Ms. POLGREEN: He had not written anything on this subject yet. From what he has told me, it sounds like he is working on a very large piece looking at the life of politics and culture of people who live in the arid band of Africa known as the Sahel. So he actually wasn't even particularly writing about Darfur. Eastern Chad happened to be the starting point for this long reporting trip that he was taking.

INSKEEP: You said what he has told you. Have you had a chance to speak with him?

Ms. POLGREEN: Yes, I've been able to visit with him several times. He is being held in a cell next to the courthouse along with his interpreter and driver, who are both Chadians. He has been able to receive visitors, particularly in the evening. And I've been able to see him several times.

INSKEEP: This is the courthouse in the state capital, of the state where you are?

Ms. POLGREEN: In al-Fashir. Yes, that's correct.

INSKEEP: Okay. And the conditions, how are they for him?

Ms. POLGREEN: The conditions that he's been held in have steadily improved. Apparently, they were in very harsh conditions when they were first held by the rebel group, and then also terrible conditions in a very crowded cell when they were held by the government intelligence. But now they're actually in the custody of the judicial police, and they are in a cell that's used as a holding cell.
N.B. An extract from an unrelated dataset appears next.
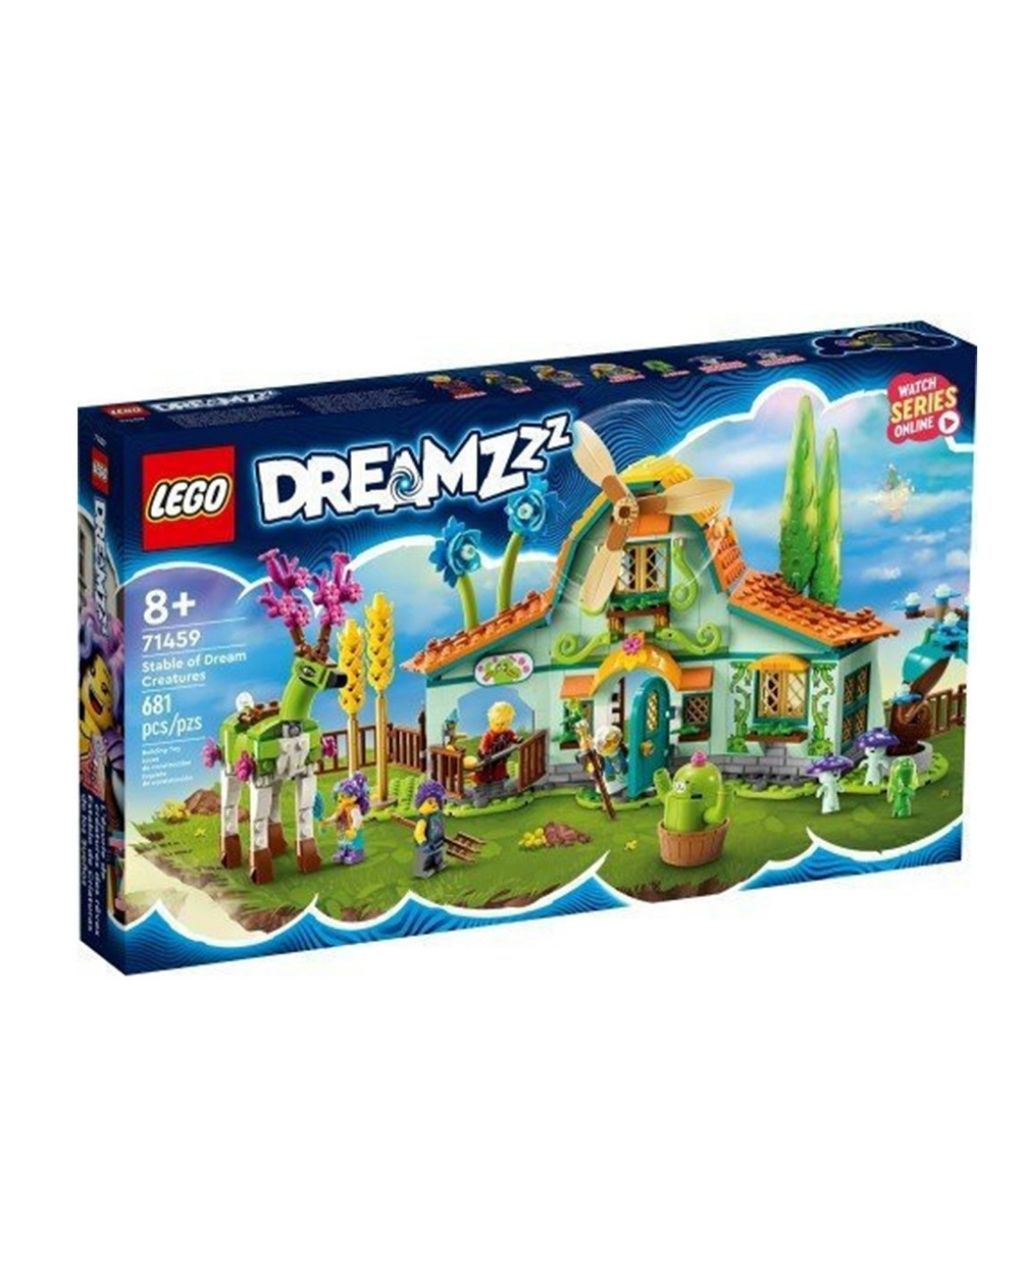 Lego dreamzzz ο στάβλος των ονειροπλασμάτων 71459 - Lego, LEGO DREAMZZZ

And I think that the treatment that they've been receiving has been a lot better.

We were able to bring him some grilled chicken last night for dinner, and people have been able to bring food and water and things like that from the outside. So he's able to get access to toilets and things like that. So things I think are much improved from what they were just a few days ago, even.
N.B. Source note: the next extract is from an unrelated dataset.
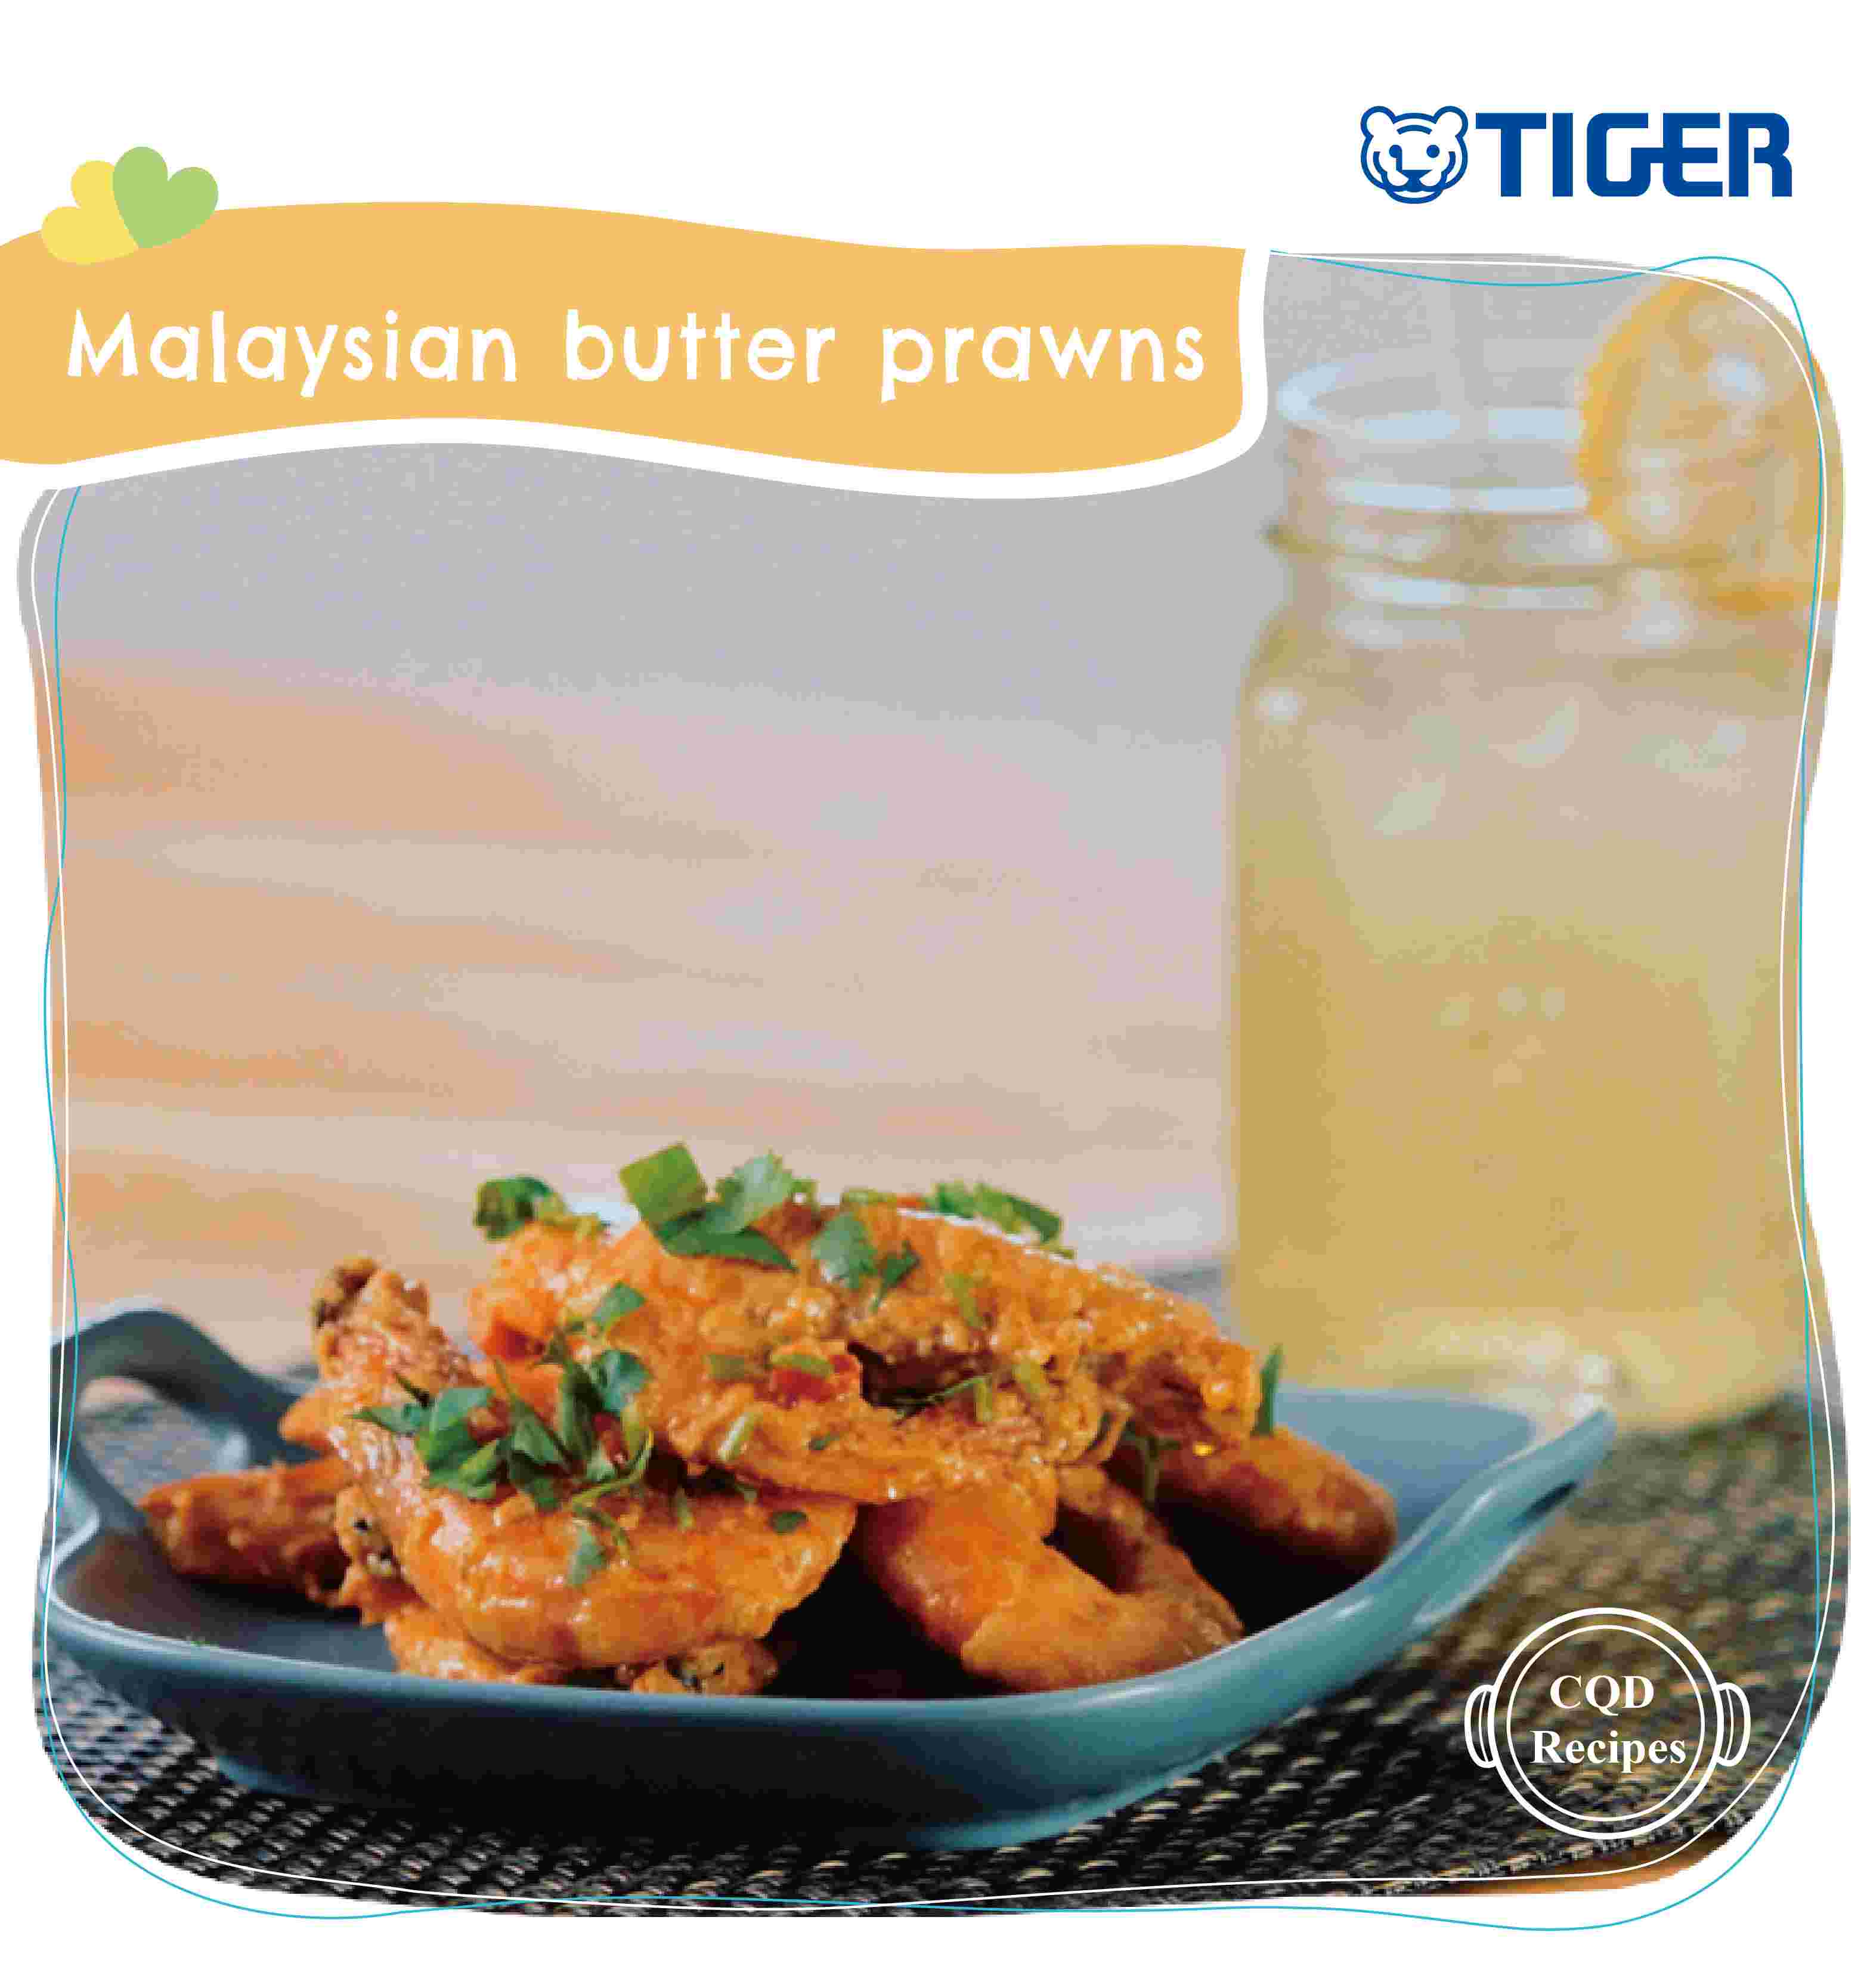 TIGER-recipe-malaysian-butter-prawns-en-1.jpg (226 KB)

INSKEEP: You know, I hesitate to use the word normal in a situation where things are so seemingly out of control, but is it normal for a journalist to be detained like this in that part of Sudan?

Ms. POLGREEN: No, I wouldn't say so. This practice of passing into Darfur -into rebel-controlled territory from Chad - has actually been quite common. It's very difficult to get a visa to come to Sudan. It's very difficult to get permits to access Darfur, so reporters have been invited in by rebel groups.

But now something new seems to be happening, and this is a result of the sort of confused situation on the ground, that you have alliances shifting. Some groups are siding with the government, and other groups are saying we're going to fight on. And so what used to be a fairly safe route to come into Darfur has become quite perilous. So this is now the third Westerner who's been detained in this way in the past month.

INSKEEP: Who are the other two and what's their situation?

Ms. POLGREEN: Well, one is a college student who was also working as a freelance photographer in the region. Because he was very young and didn't appear to have a lot of information with him, was - I think under an arrangement reached by the United States Embassy - allowed to plead to the immigration charge and then simply deported.

The other fellow's situation is much, much more serious. He's a Slovenian filmmaker and activist named Tomo Kriznar who has been convicted on charges very similar to the ones that Paul Salopek faces, and is currently serving two years in Shala(ph) prison. Conditions are apparently quite bad.

INSKEEP: Ms. Polgreen, thanks very much.

Ms. POLGREEN: My pleasure.

INSKEEP: Lydia Polgreen is a reporter for the New York Times.